## EXERCISE DATA:

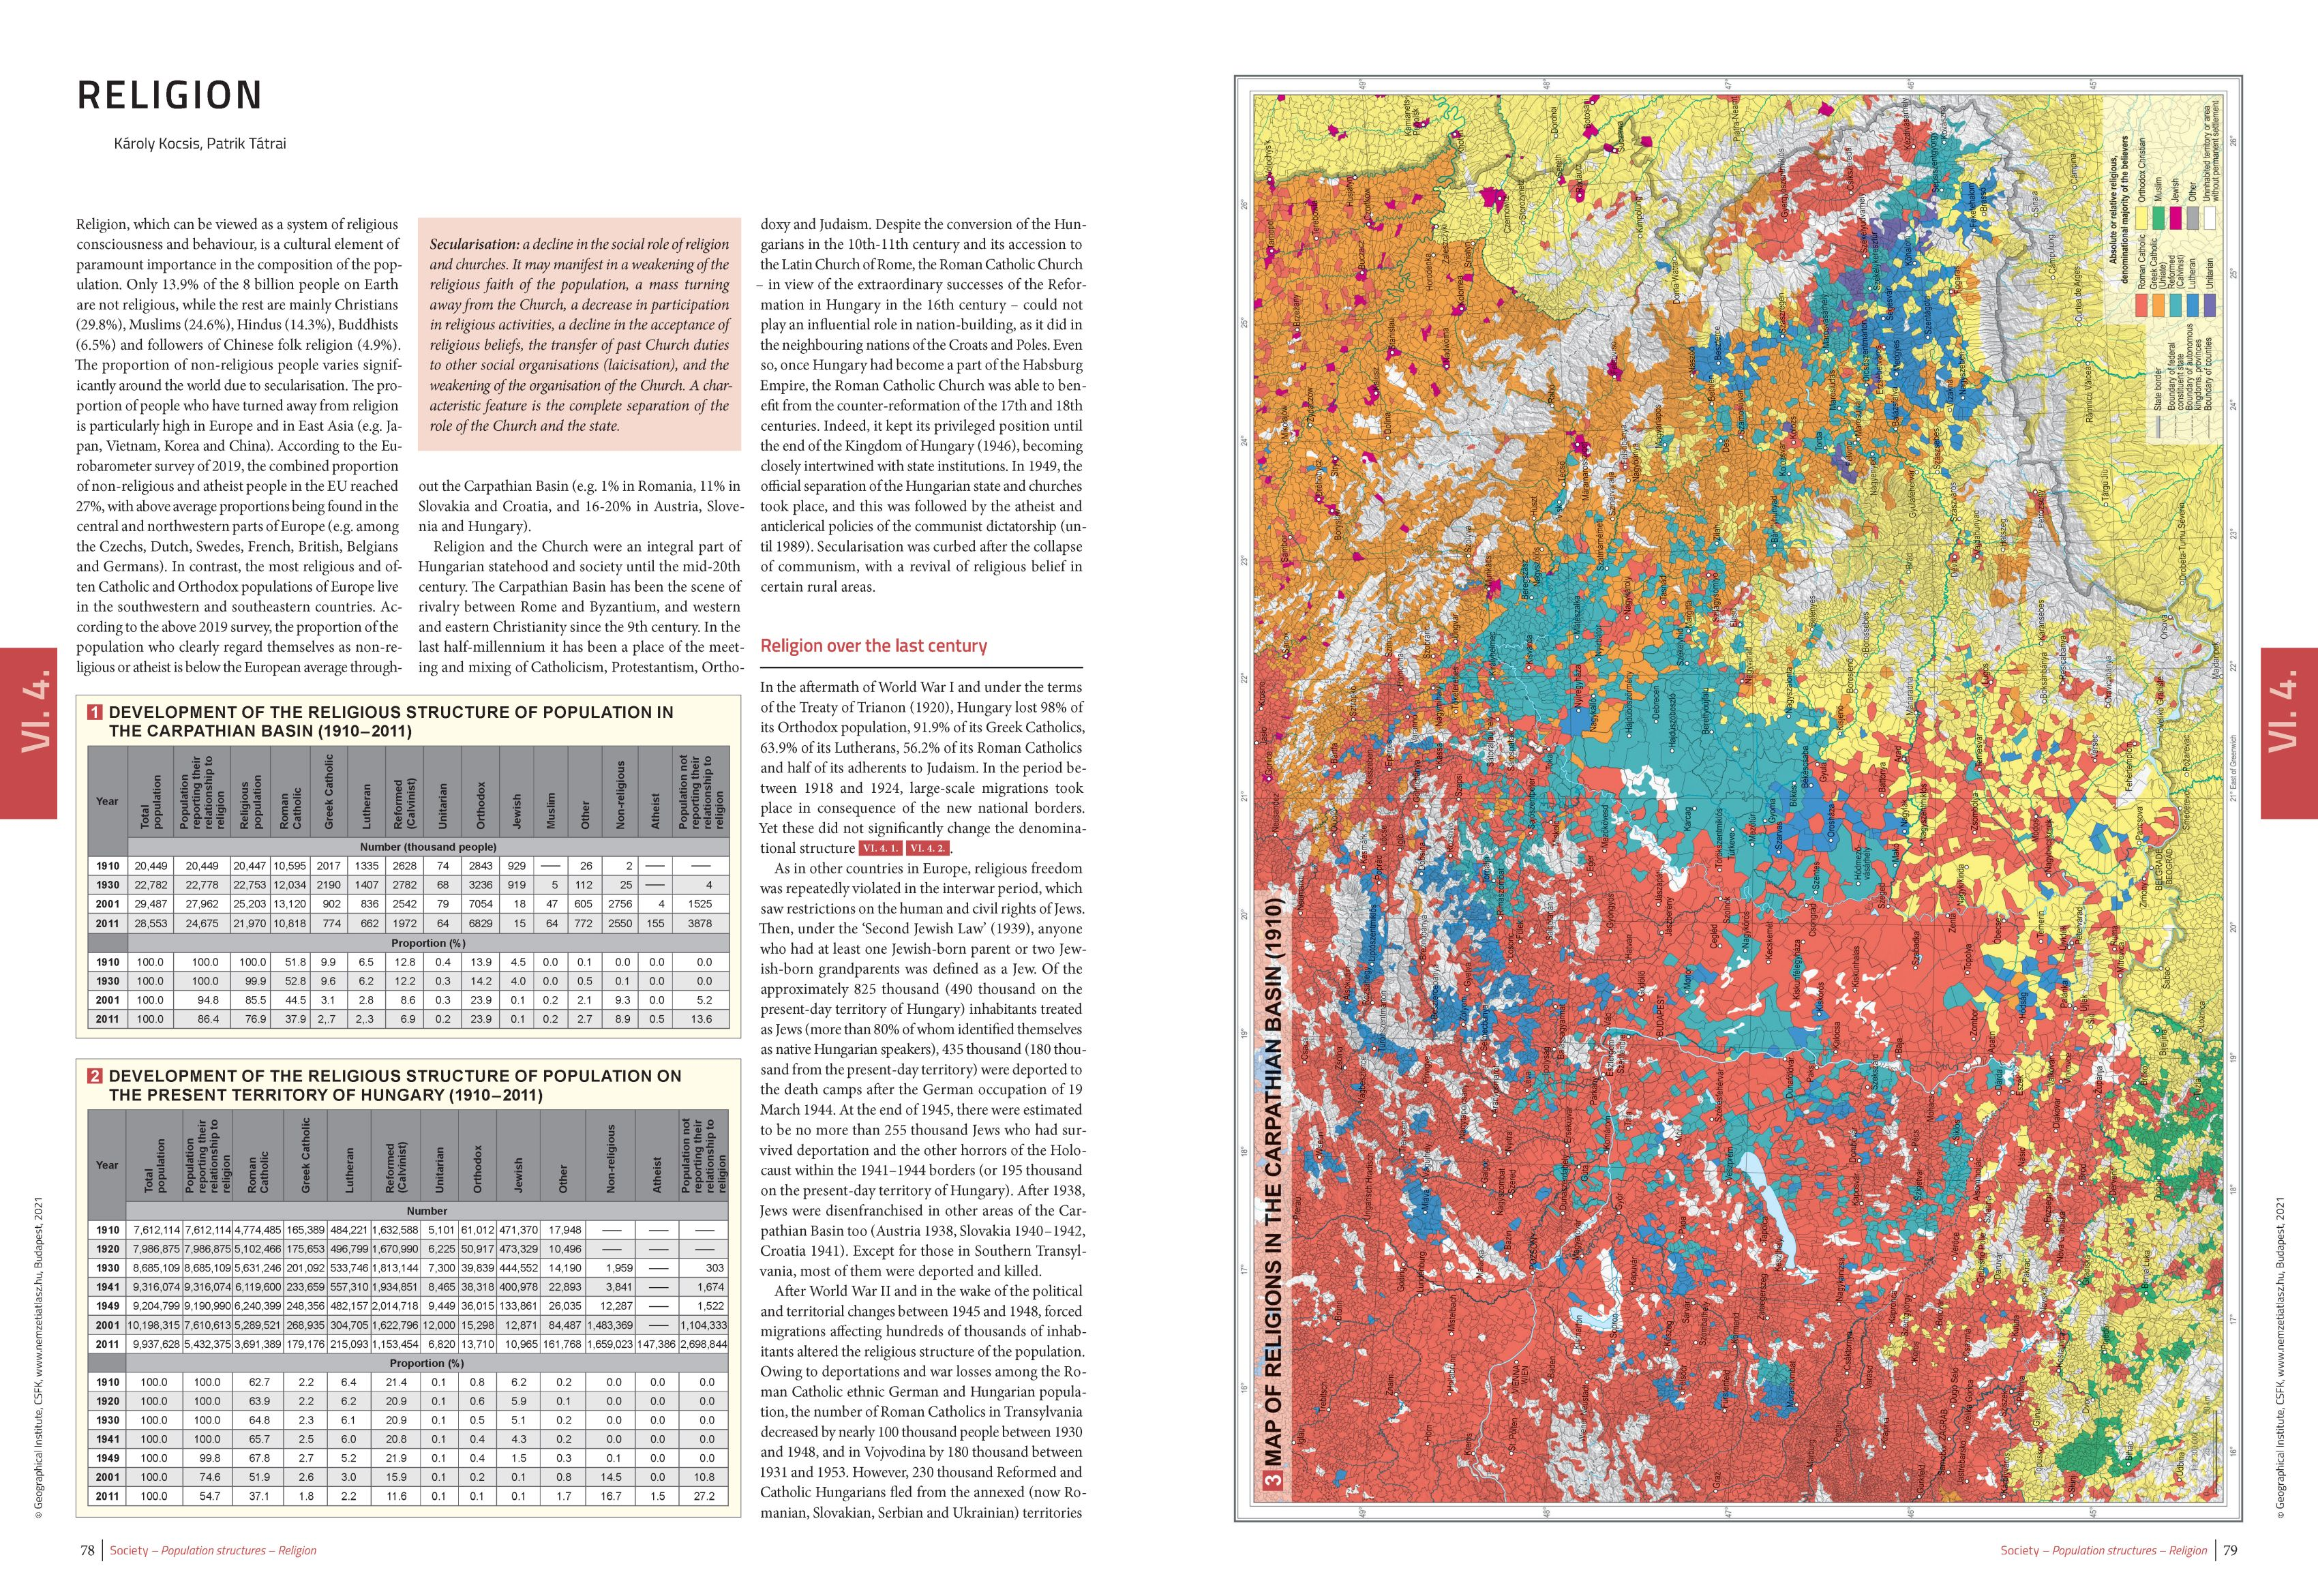 National atlas vol. 3. Society: Sample 4.
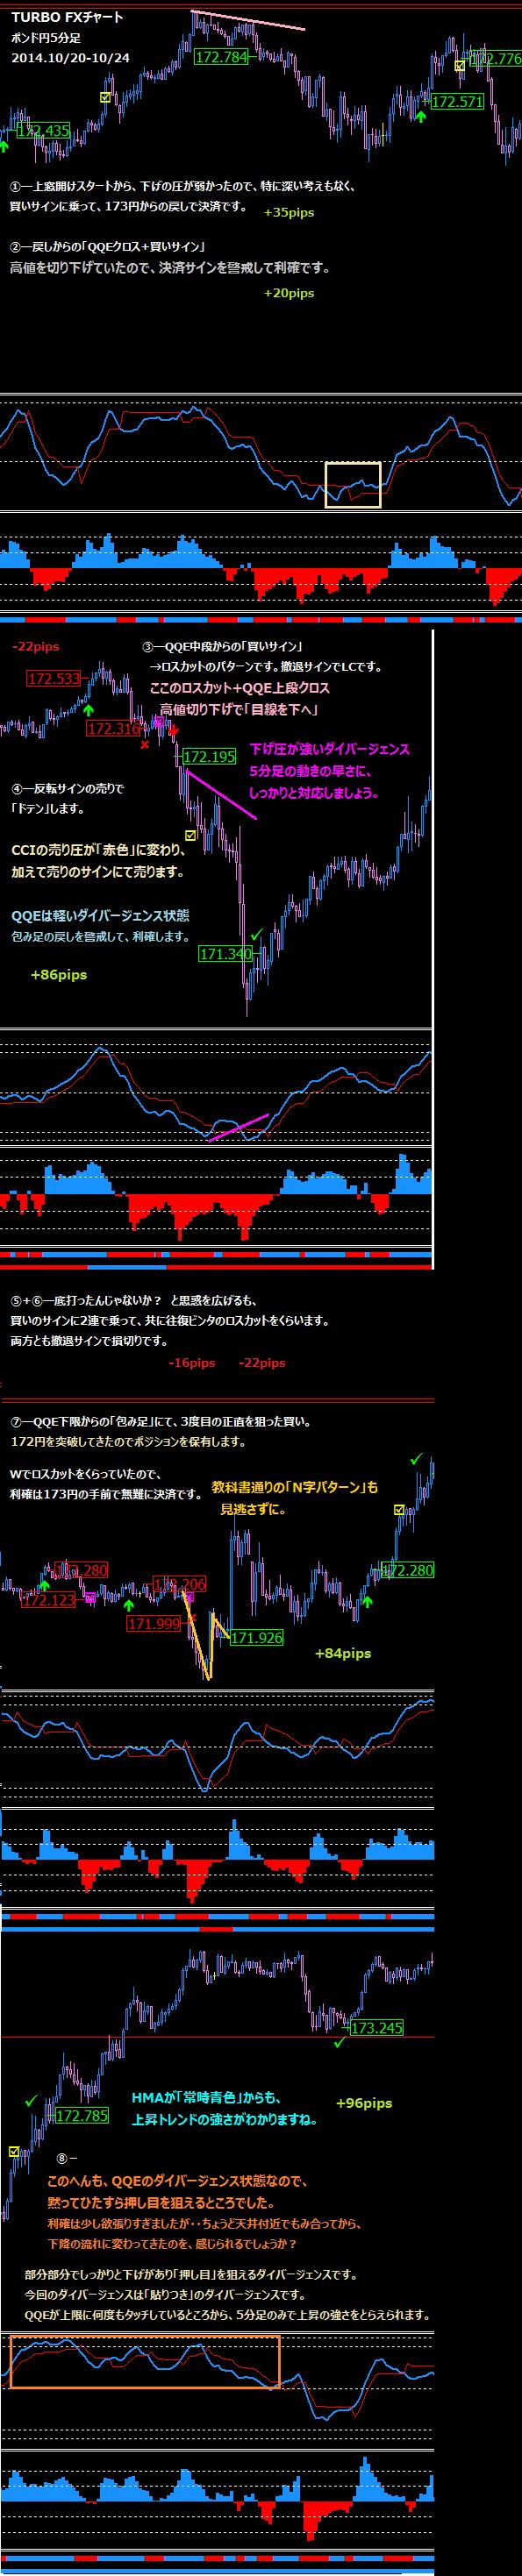 TURBO FX(ターボFX)口コミ評価ブログ
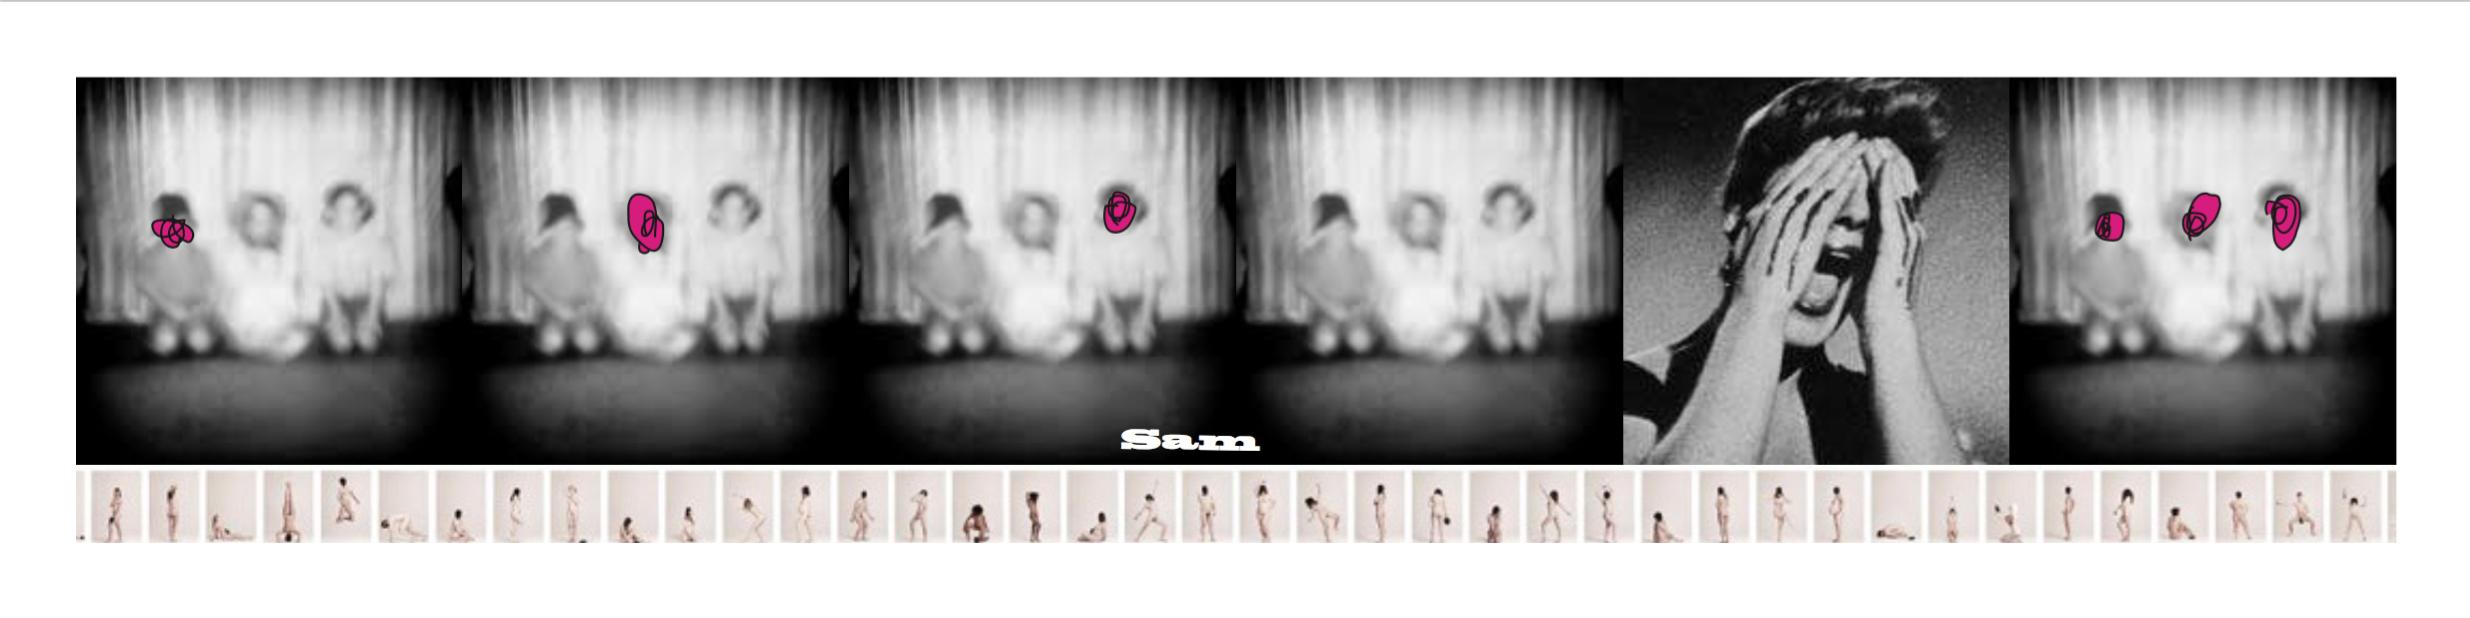 """Image Progression""  #2"

## REQUIREMENT:
Since the pictures are not part of the copy, transcribe only the remaining material, exactly.

## OUTPUT FOR THIS TASK:
 National atlas vol. 3. Society: Sample 4.
 TURBO FX(ターボFX)口コミ評価ブログ
 """Image Progression""  #2"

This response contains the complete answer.